### Exercise goal
Copy out each line of the material exactly. Pictures do not belong in the copy.

### Available data
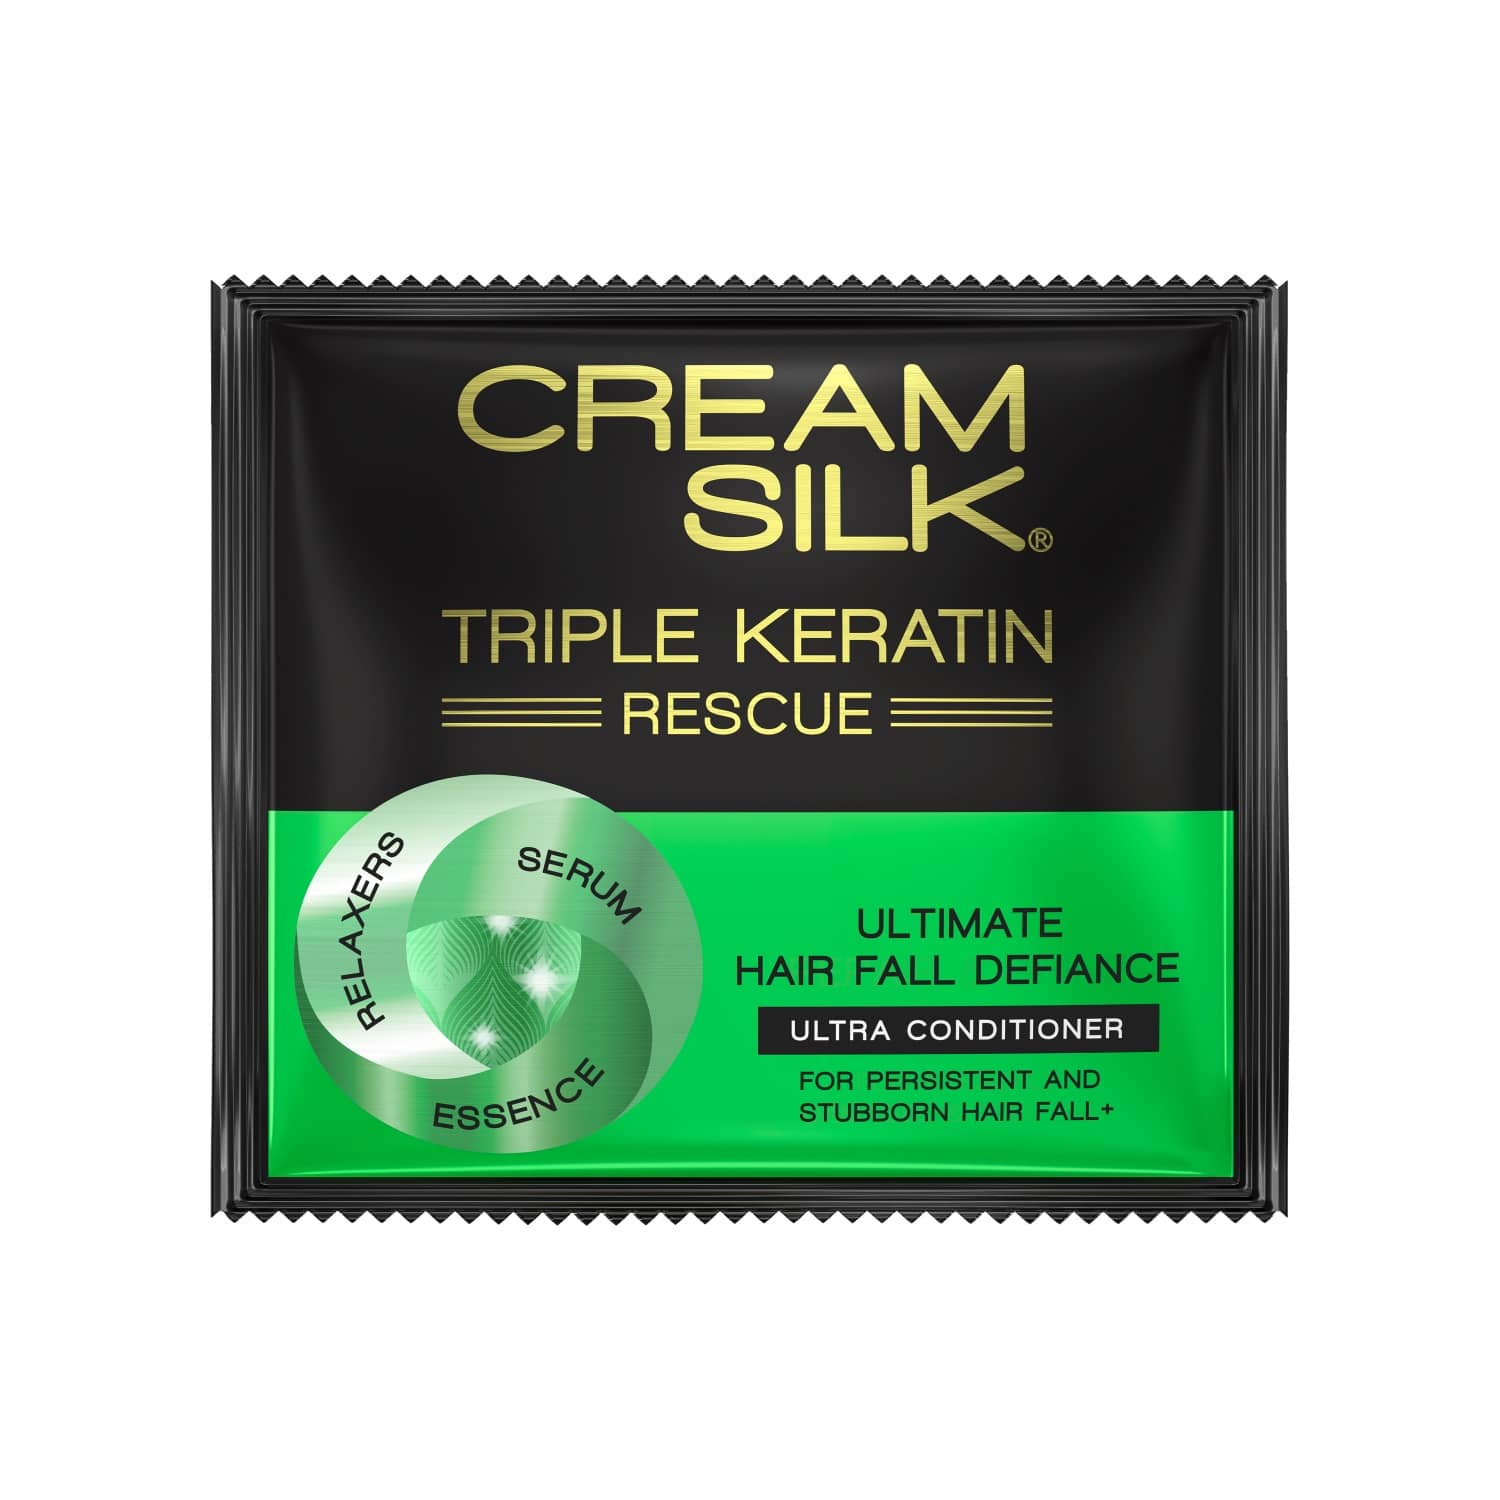 Cream Silk Triple Keratin Rescue Hair Fall Defiance Ultra Conditioner 10ML
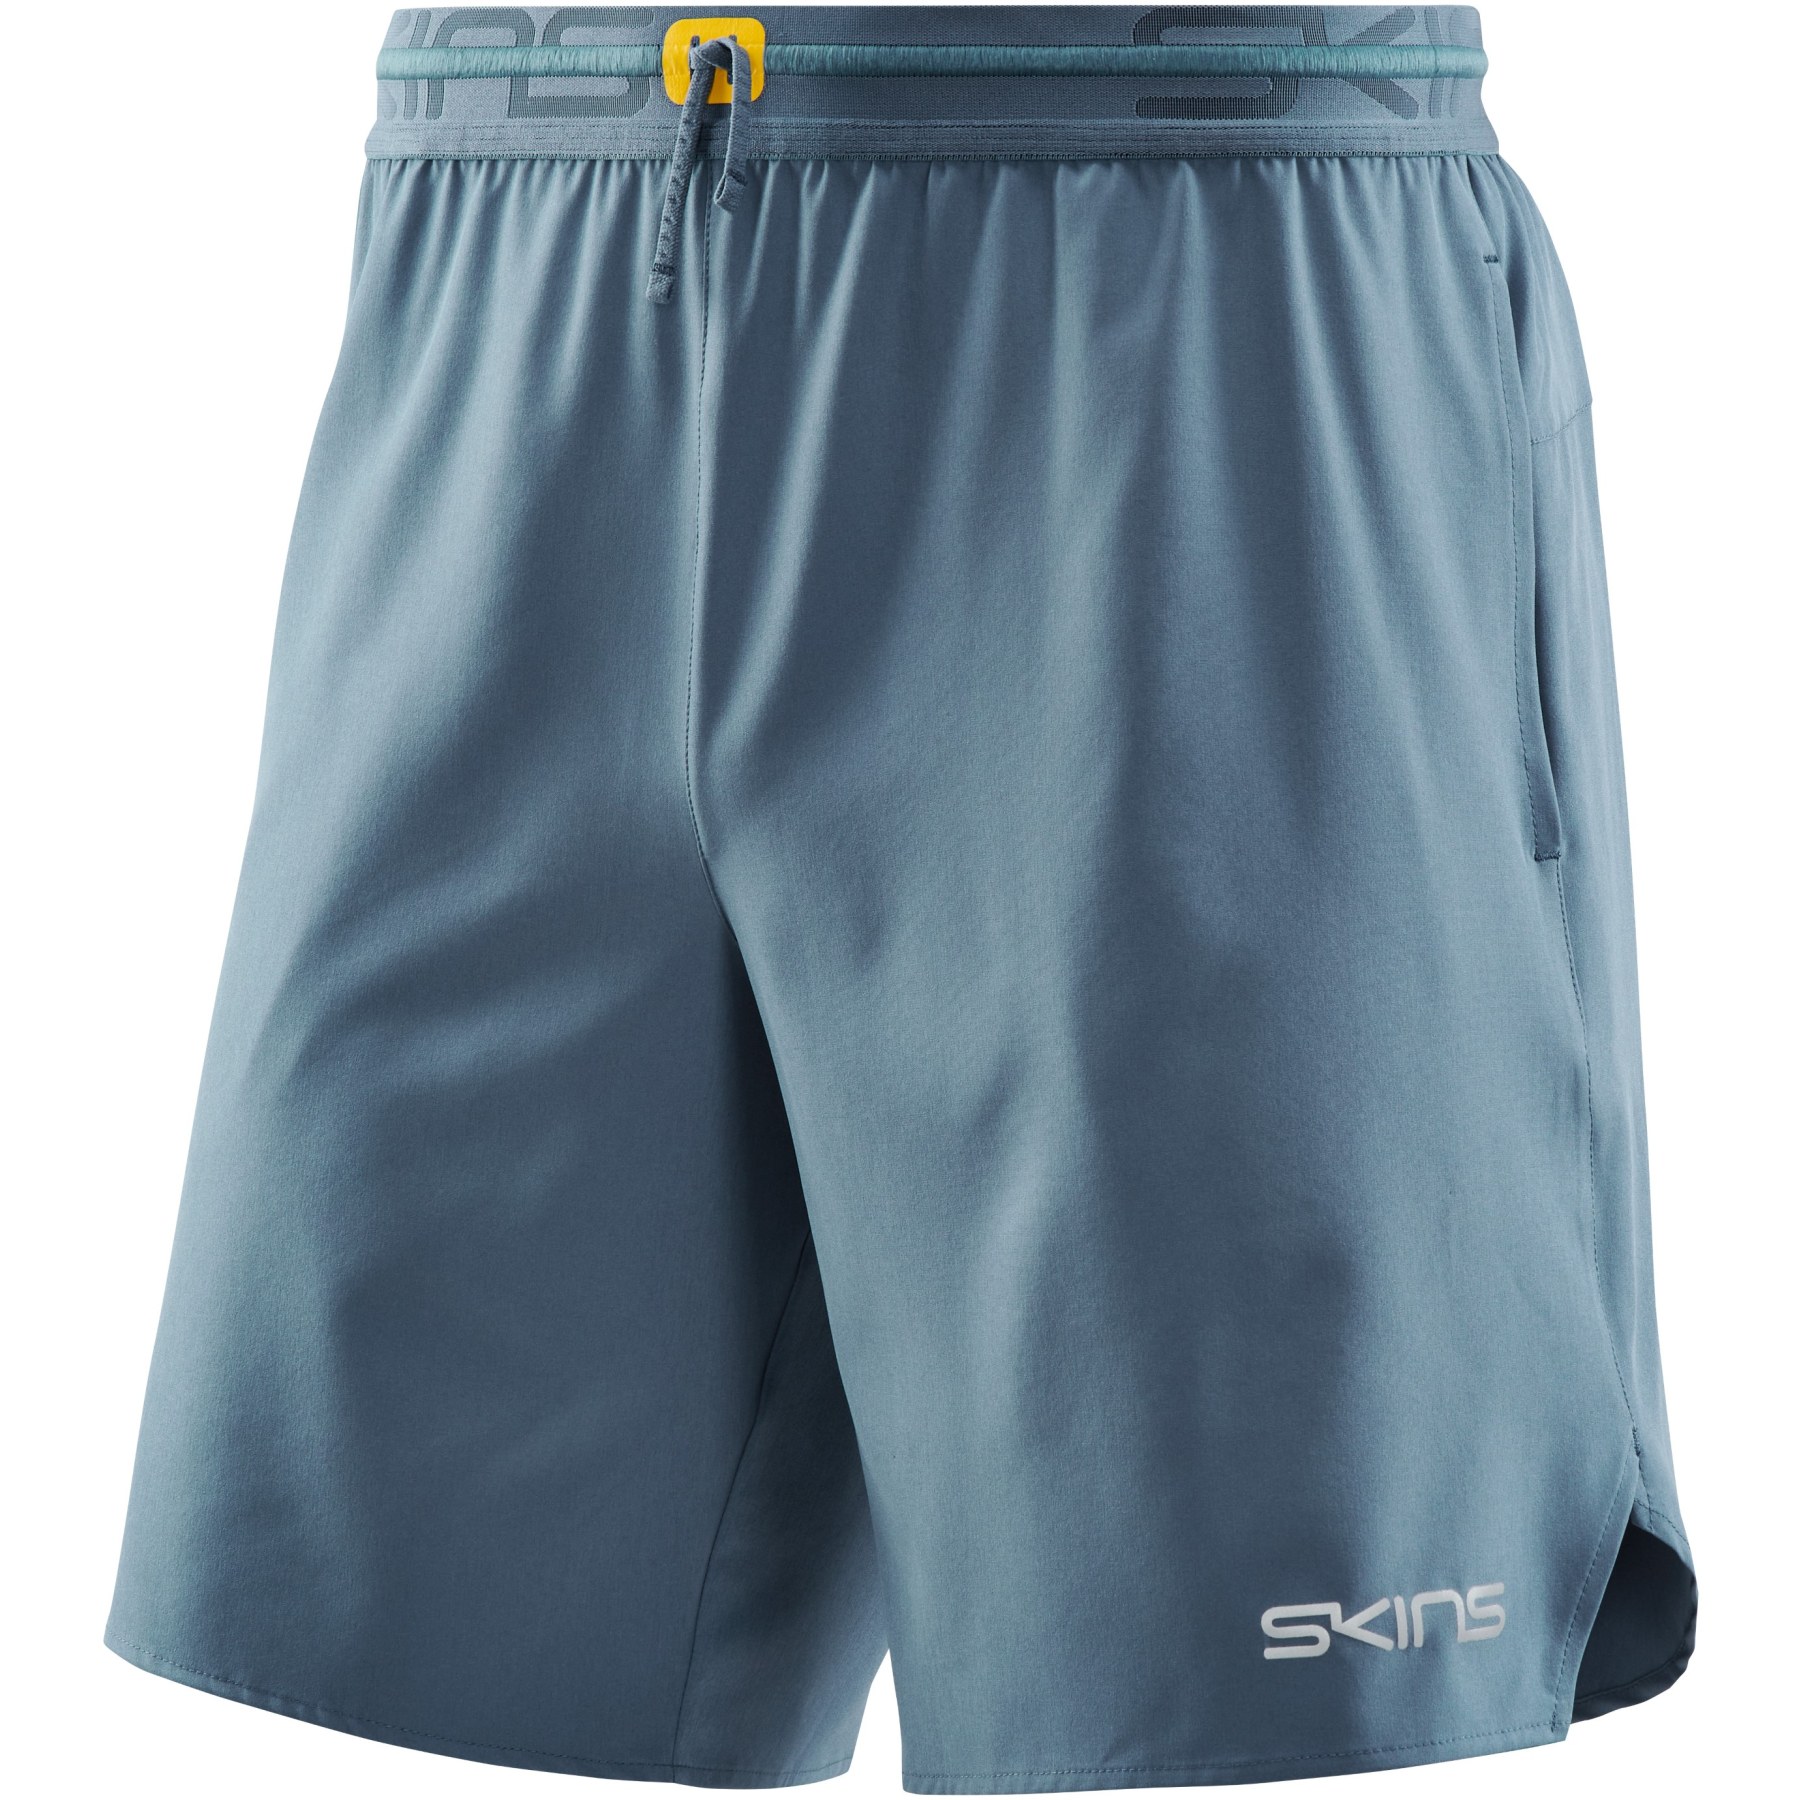 SKINS 3-Series 7 X-Fit Running Shorts Men - Blue Grey
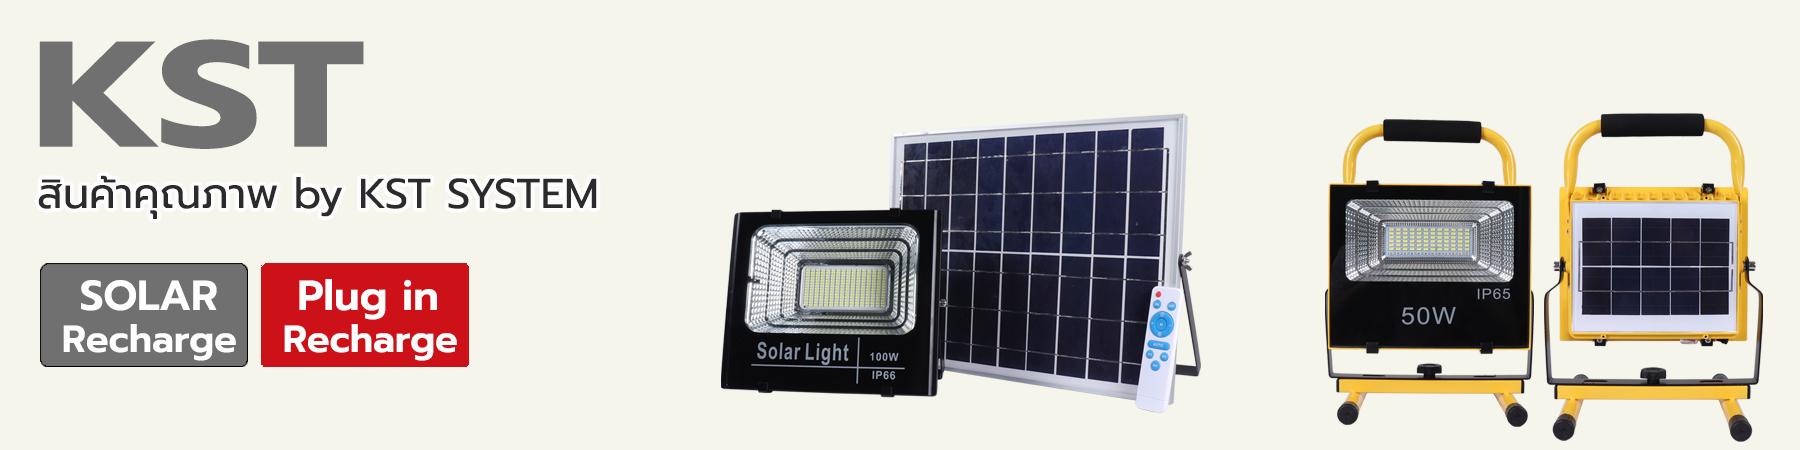 SpotLight Solar Cell, SpotLight Solar Panel, Solar LED Flood Light, SpotLight Solar Cell, สปอร์ตไลท์พลังงานแสงอาทิตย์, ไฟสนามโซล่าเซลล์, สปอร์ตไลท์โซล่าเซลล์, โคมไฟโซล่าเซลล์, ไฟสวนโซล่าเซลล์, ไฟถนนโซล่าเซลล์
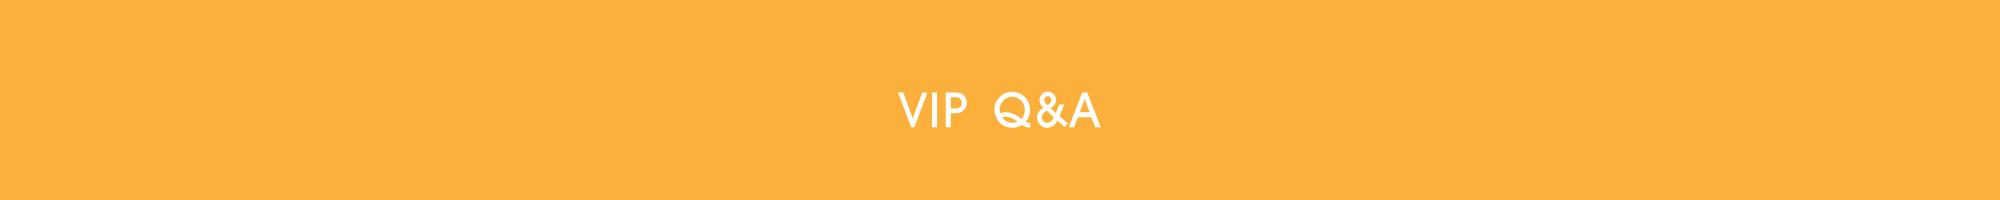 VIP Q&A

### Output
 Cream Silk Triple Keratin Rescue Hair Fall Defiance Ultra Conditioner 10ML
 SKINS 3-Series 7 X-Fit Running Shorts Men - Blue Grey
 SpotLight Solar Cell, SpotLight Solar Panel, Solar LED Flood Light, SpotLight Solar Cell, สปอร์ตไลท์พลังงานแสงอาทิตย์, ไฟสนามโซล่าเซลล์, สปอร์ตไลท์โซล่าเซลล์, โคมไฟโซล่าเซลล์, ไฟสวนโซล่าเซลล์, ไฟถนนโซล่าเซลล์
 VIP Q&A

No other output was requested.